Tuesday, January 5, 2010

Stadiums: Not So Good.

Ever driven down 71 through Cincinnati and noticed the side-by-side stadiums? Well it'd be hard not to, but with the promise of money for the schools and increased property values--at the expense of aesthetics--it was a hard bargain for tax-payers to pass up. Problem is, the benefits have not only been undelivered...they're actually making it worse!
CINCINNATI — Years after a wave of construction brought publicly financed stadiums costing billions of dollars to cities across the country, taxpayers are once again being asked to reach into their pockets.

From New Jersey to Ohio to Arizona, the stadiums were sold as a key to redevelopment and as the only way to retain sports franchises. But the deals that were used to persuade taxpayers to finance their construction have in many cases backfired, the result of overly optimistic revenue assumptions and the recession.

Nowhere is the problem more acute than in Cincinnati. In 1996, voters in Hamilton County approved an increase of half of one percent in the sales tax that promised to build and maintain stadiums for the Bengals and the Reds, pay Cincinnati’s public schools and give homeowners an annual property tax rebate. The stadiums were supposed to spur development of the city’s dilapidated riverfront.

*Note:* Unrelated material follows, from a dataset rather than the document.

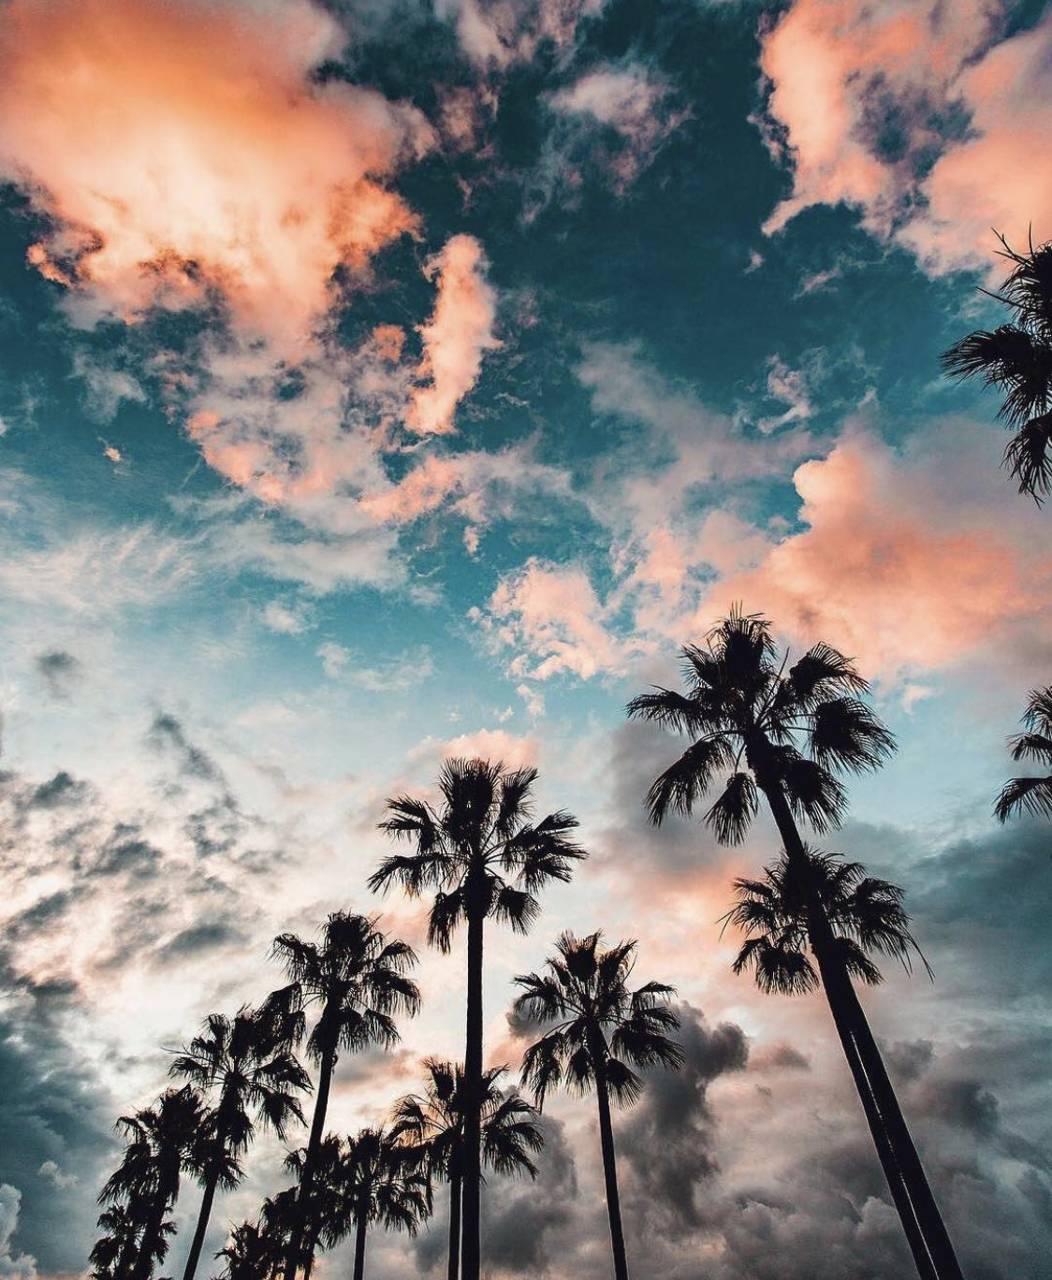 Plams and Skies

But sales tax receipts have fallen so fast in the last year that the county is now scrambling to bridge a $14 million deficit in its sales tax fund. The public schools, which deferred taking their share for years, want their money.

The teams have not volunteered to rewrite their leases. So in the coming weeks, the county plans to cut basic services, lower its legal bills and drain a bond reserve fund with no plan for paying it back.

“Anyone looking at this objectively knows it’s a train wreck,” said Dusty Rhodes, the county auditor. “I told them they were making a big mistake, but they didn’t want to hear me.”
I have mixed feelings about stadiums. While they do encourage city pride and really elevate a city into a national scene, they come with an enormous price tag. They do spur economic activity, but often without prolonged sustainable business opportunities And it's pretty hard to argue that they are somehow environmentally friendly...regardless, this should just be a lesson to not roll with campaign promises and vote out of desperation.